• _Dataset excerpt_:

◆ ◆ ◆ ◆

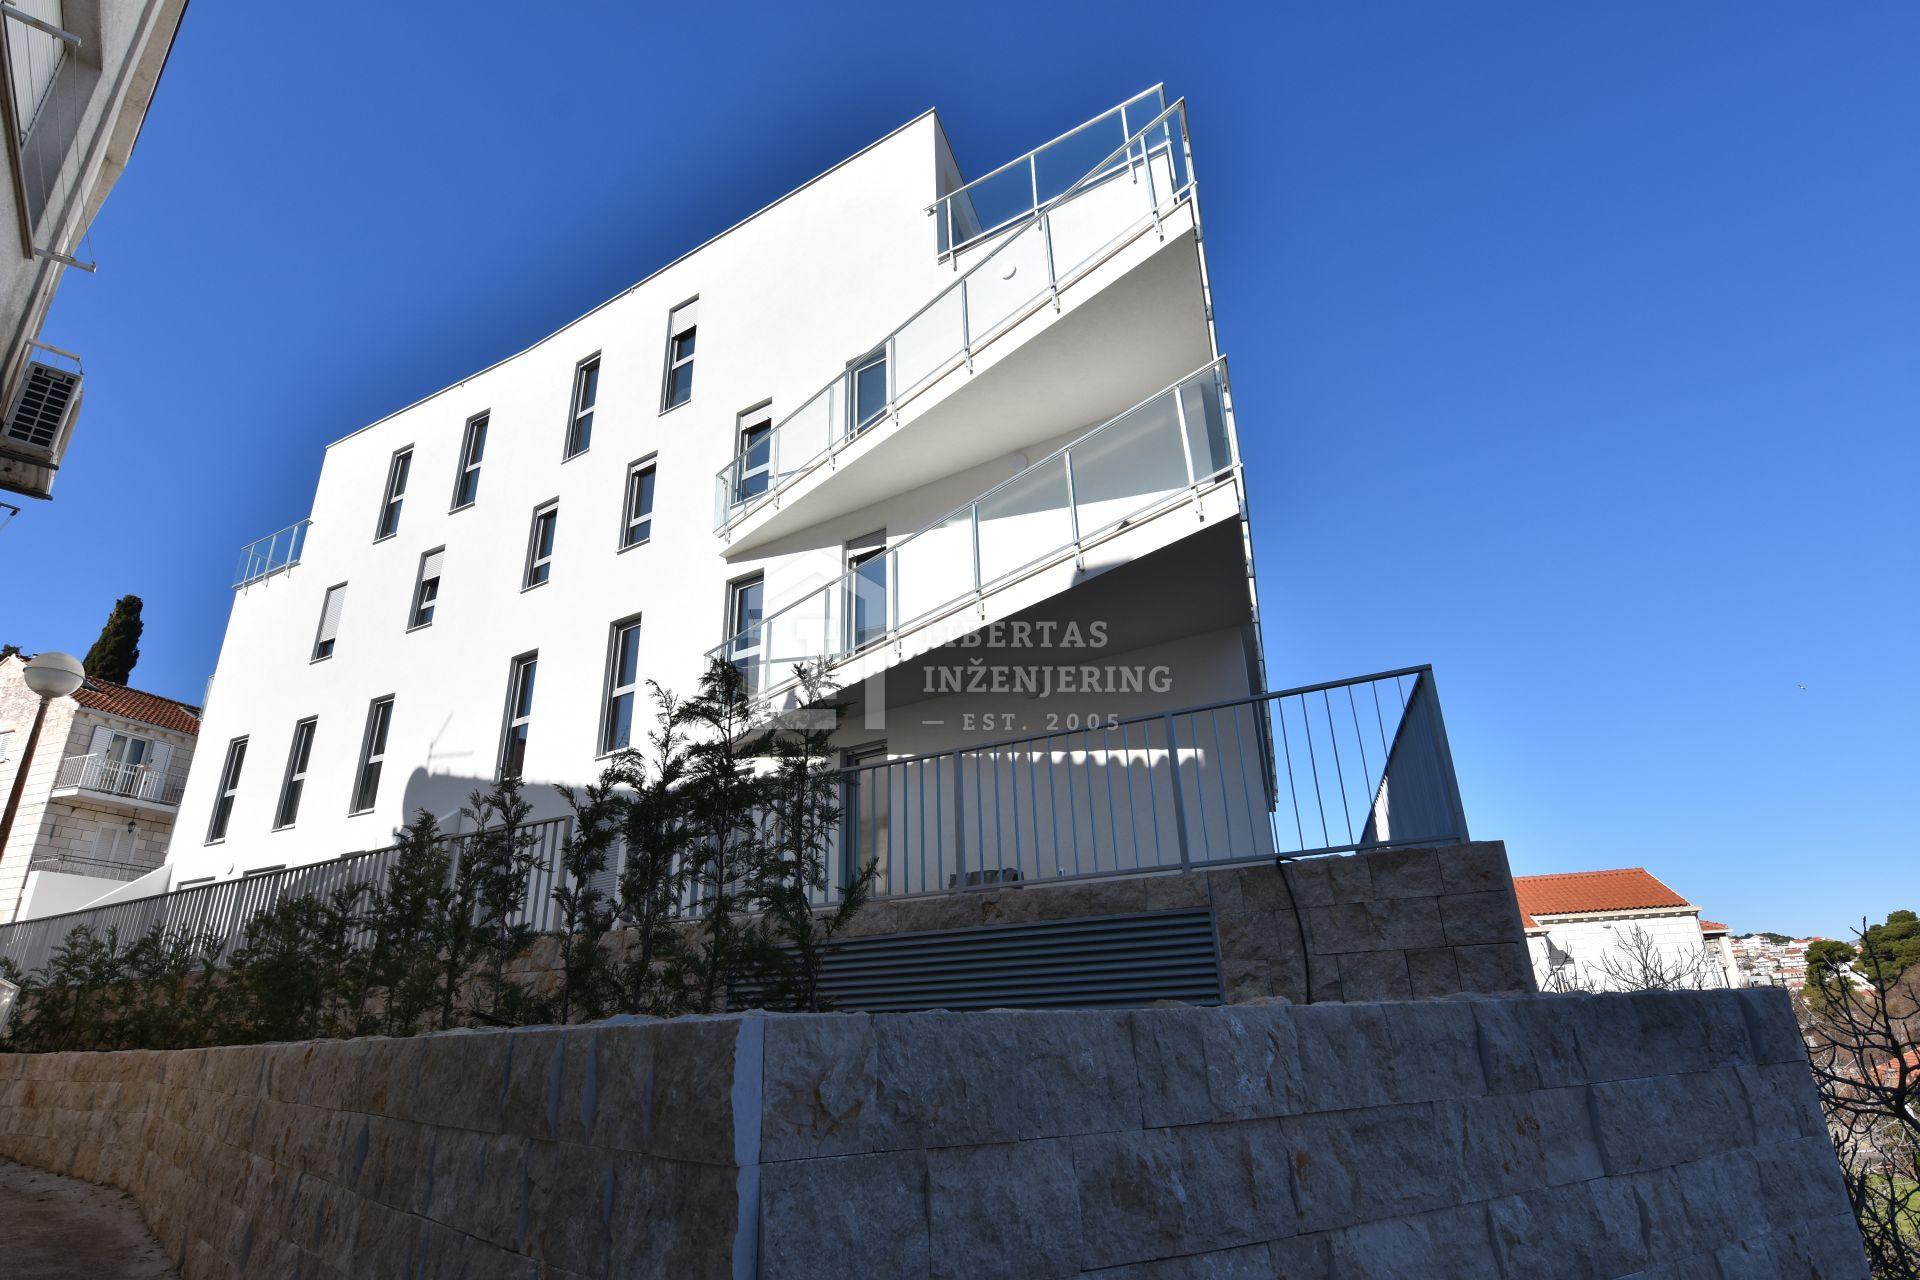 Квартира Lapad, Dubrovnik, 80m2
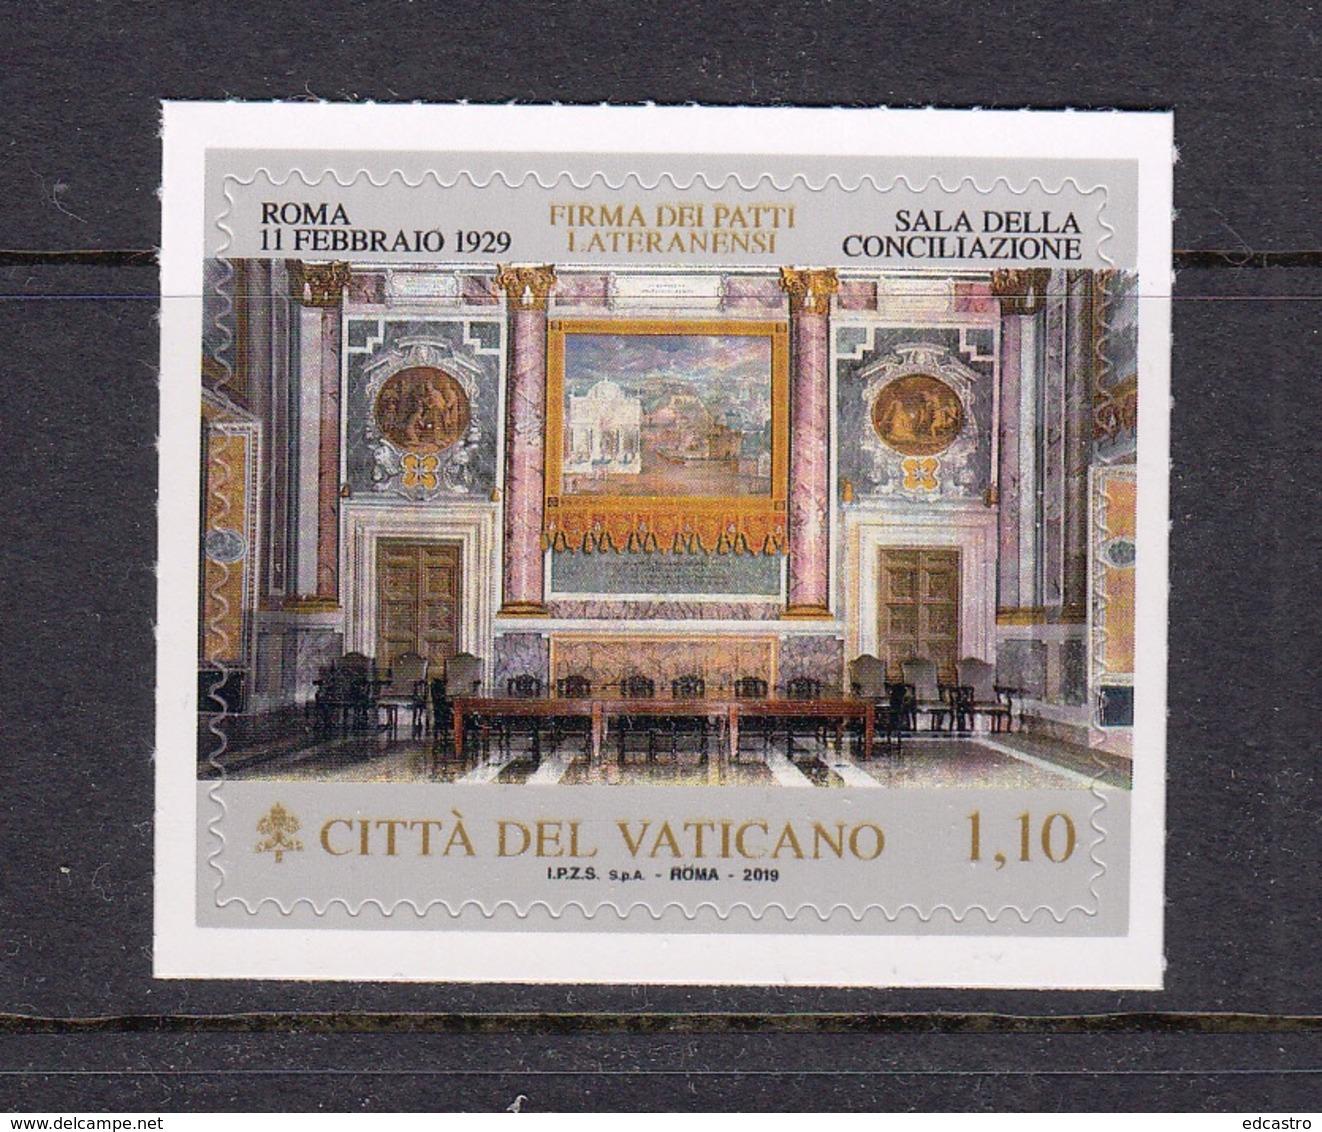 5.- VATICAN CITY 2019 90 ANNIVERSARY PATTI LATERANENSI VATICAN CITY STATE - Vaticano (Ciudad Del)
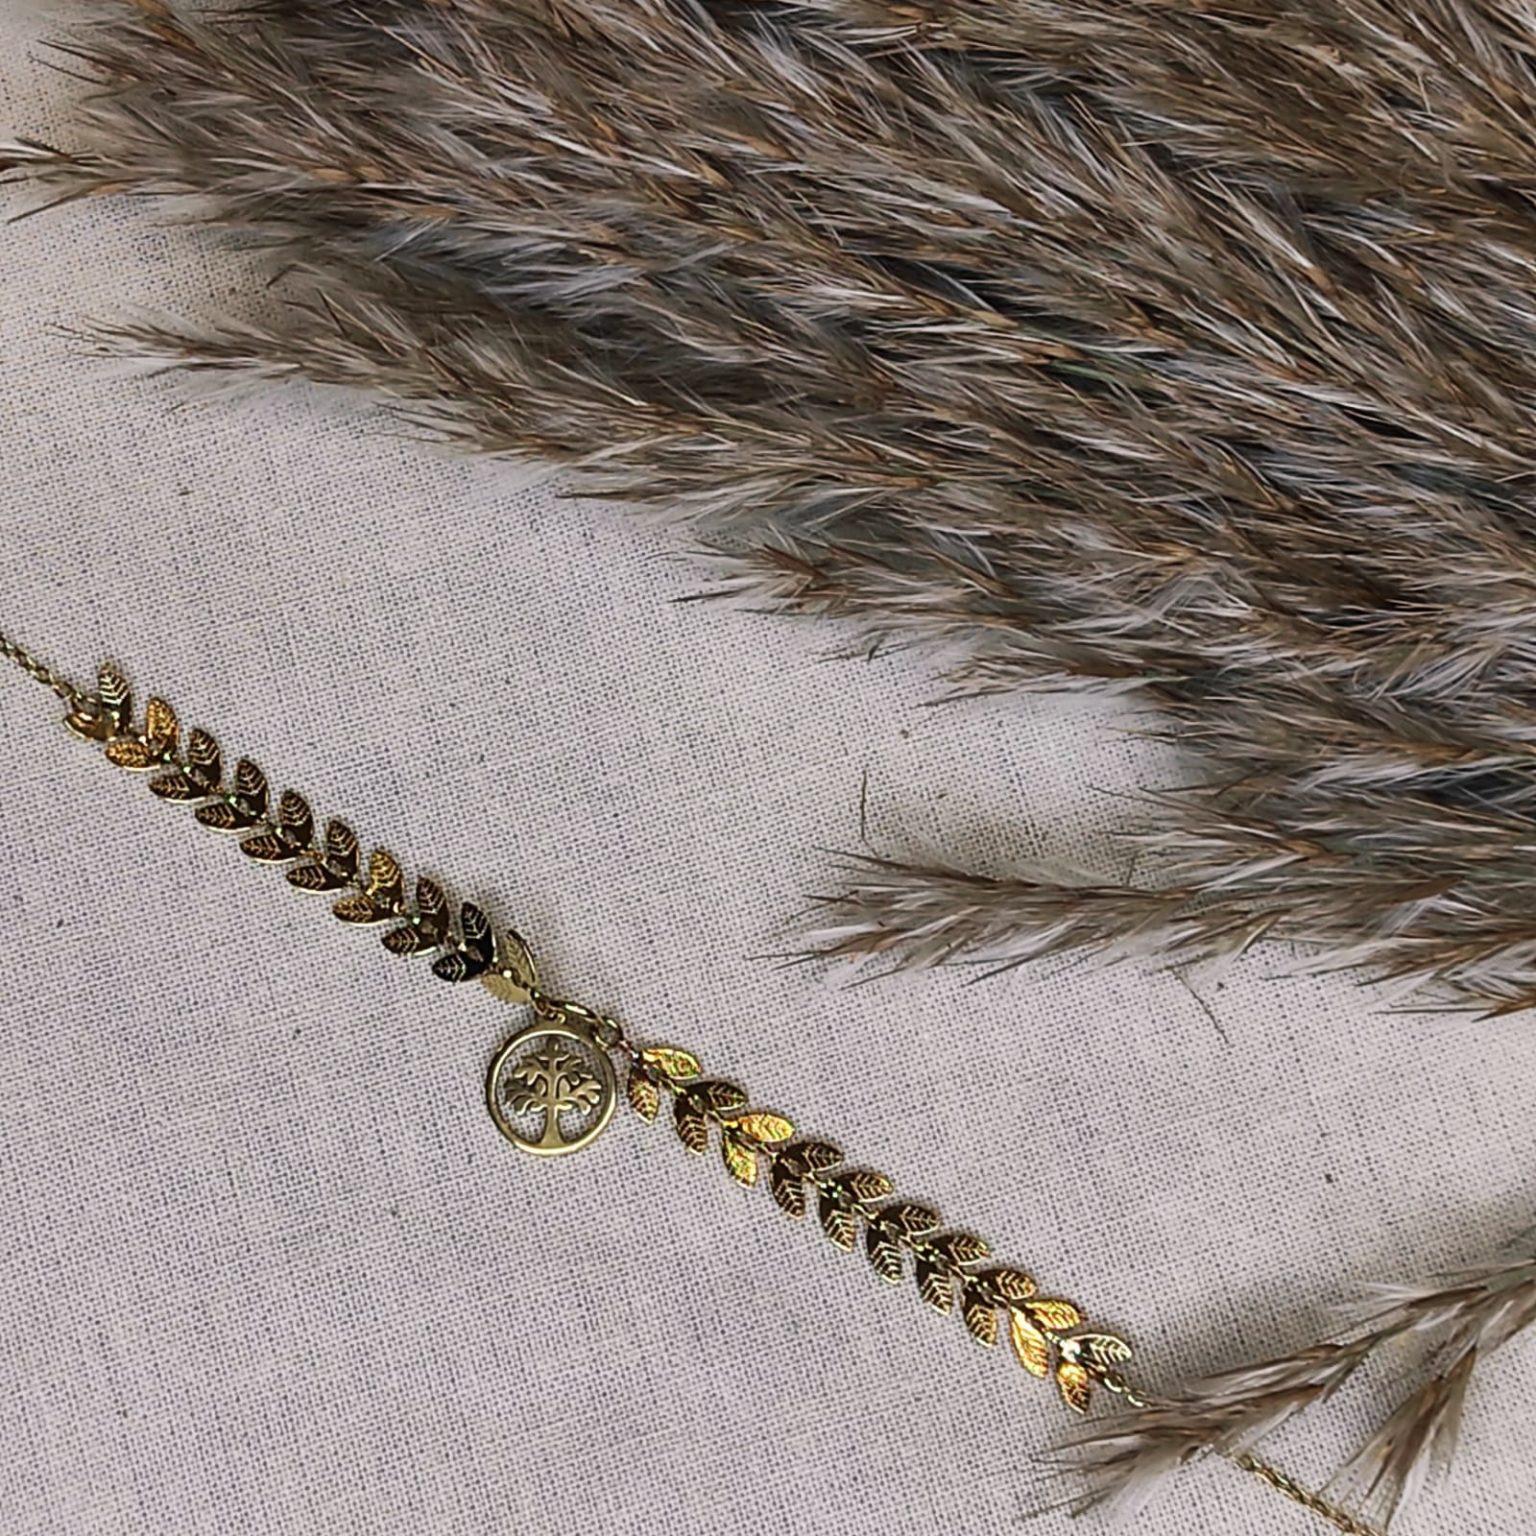 Bracelet charms arbre de vie et feuillage doré acier inoxydable
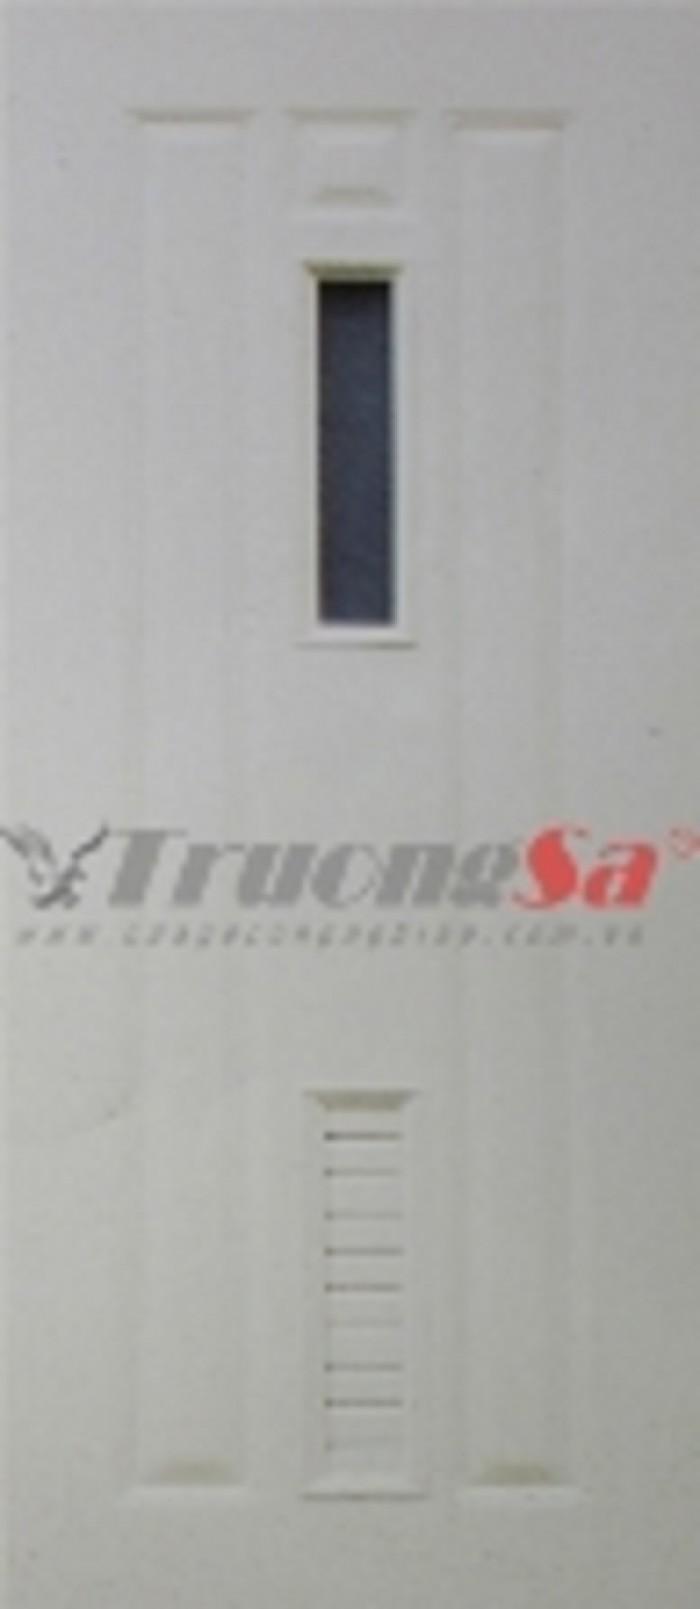 Giá trọn bộ: Cánh + khung bao + phủ vân gỗ hoàn thiện  Kích thước chuẩn: 80 x 210 hoặc 90 x 220cm Hoặc sản xuất theo kích thước yêu cầu.2

◆ ◆ ◆ ◆

• _Problem requirements_: What you return should match the material line for line, with the images removed.

• _Task result_:
 Квартира Lapad, Dubrovnik, 80m2
 5.- VATICAN CITY 2019 90 ANNIVERSARY PATTI LATERANENSI VATICAN CITY STATE - Vaticano (Ciudad Del)
 Bracelet charms arbre de vie et feuillage doré acier inoxydable
 Giá trọn bộ: Cánh + khung bao + phủ vân gỗ hoàn thiện  Kích thước chuẩn: 80 x 210 hoặc 90 x 220cm Hoặc sản xuất theo kích thước yêu cầu.2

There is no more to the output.